The Story
Why it exists.
The beginning
The idea behind Glow came from one of the oldest party tricks in the book, the fragrance you wear when you want to be remembered, not just noticed. Glow leans into the fantasy of a warm, sensual scent that works in low light, with strangers, under flashing bulbs. The brief was party. The execution was vanilla, amber, and enough resinous depth to make sure the sweetness didn't flatten into something generic. Olivier Cresp composed it for 2024 with a specific purpose: to create something that feels intimate but unforgettable, a scent that wraps around you like a memory of the night before. The vanilla starts soft, almost edible, but the amber and resin hold it together, keeping the composition from tipping into something cloying.

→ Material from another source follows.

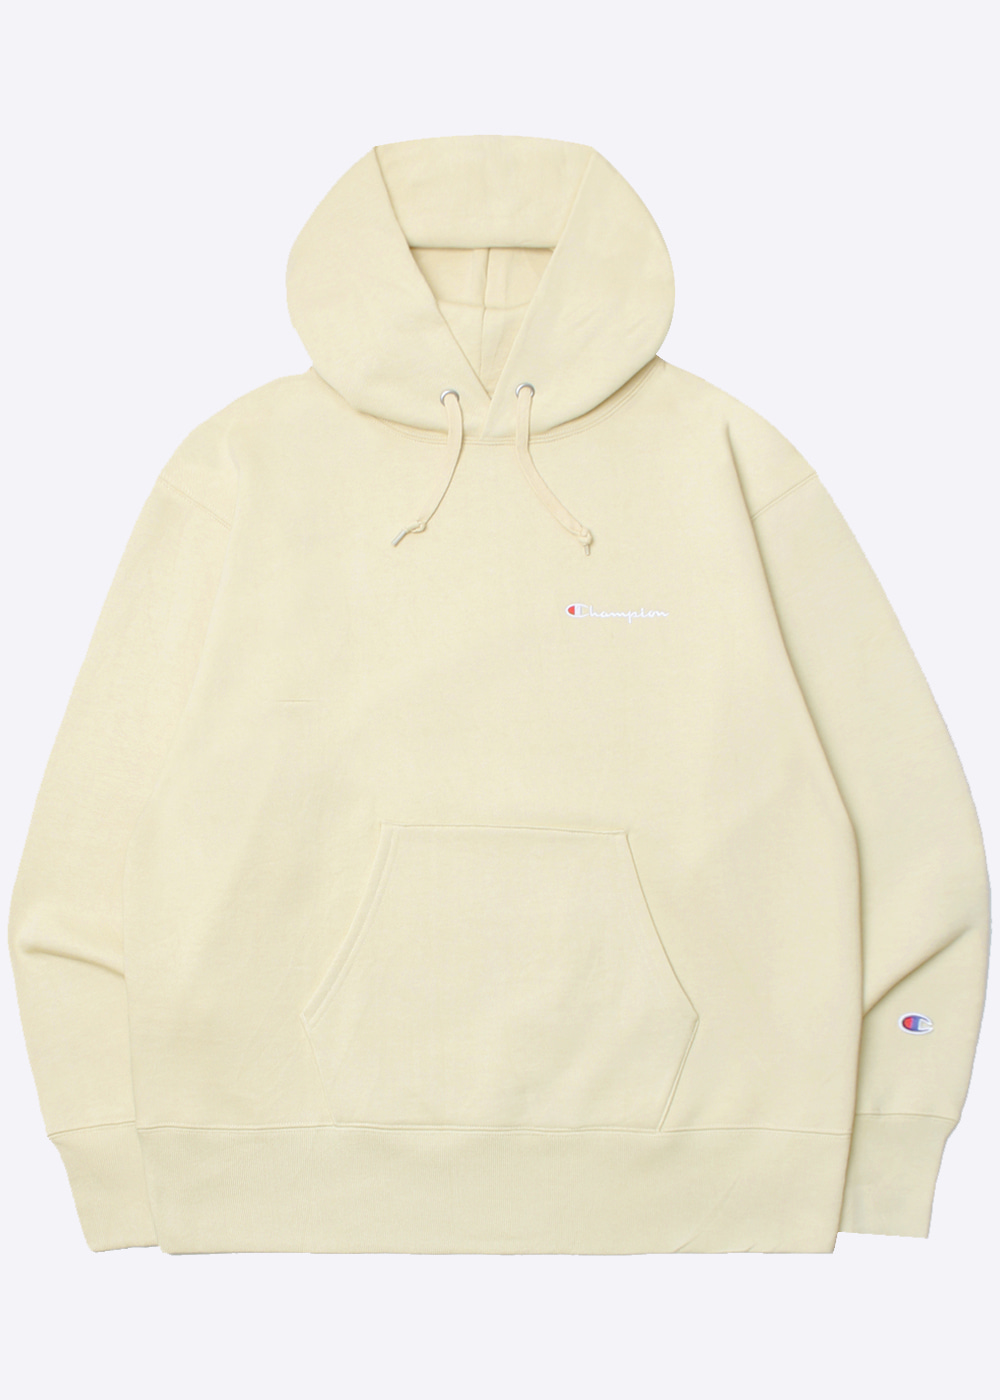 CHAMPION’over fit’ japan linense hood sweatshirt

What makes Glow's structure interesting is the frankincense sitting in the heart. It's not churchy incense, the Akro formulation leans balsamic, smoky, and slightly medicinal, which cuts through the vanilla and keeps the composition from becoming a dessert. The pink pepper opening does what pink pepper always does: arrives quick, announces presence, then steps aside. By the time you've reached the dance floor, the top note is already giving way to something warmer. The base, vanilla and amber, is what stays. It's the scent you leave behind.
The evolution
The opening hits harder than the drydown suggests. Pink pepper arrives almost confrontational, bright, sharp, a little synthetic in the best way. Thirty minutes in, the amber takes over. Not loud, but insistent. The frankincense starts to show itself around the 45-minute mark, adding a smoky, resinous layer that stops the vanilla from becoming too sweet. By hour two, Glow is doing its actual job. It's warm. It doesn't project far, but it stays close, wrapping around you like a second skin. The vanilla lingers closest to the skin for hours, with the amber giving it structure and the frankincense adding a slight edge that keeps it from being purely dessert. There's a warmth to this fragrance that feels earned, not imposed, and the transitions between notes happen naturally, each one building on the last without overwhelming the composition.
Cultural impact
Glow by Akro pairs pink pepper with smoky frankincense and warm vanilla-amber, a combination that makes a statement without shouting it. Olivier Cresp, who co-founded Akro with his daughter Anaïs, brought expertise to the brief, and Glow reflects that background in its composition. The fragrance favors intimacy over projection, drawing you in rather than announcing itself across a room. This approach suits a certain kind of wear, the kind where you want the scent to feel personal, something that belongs to you and the people close enough to notice.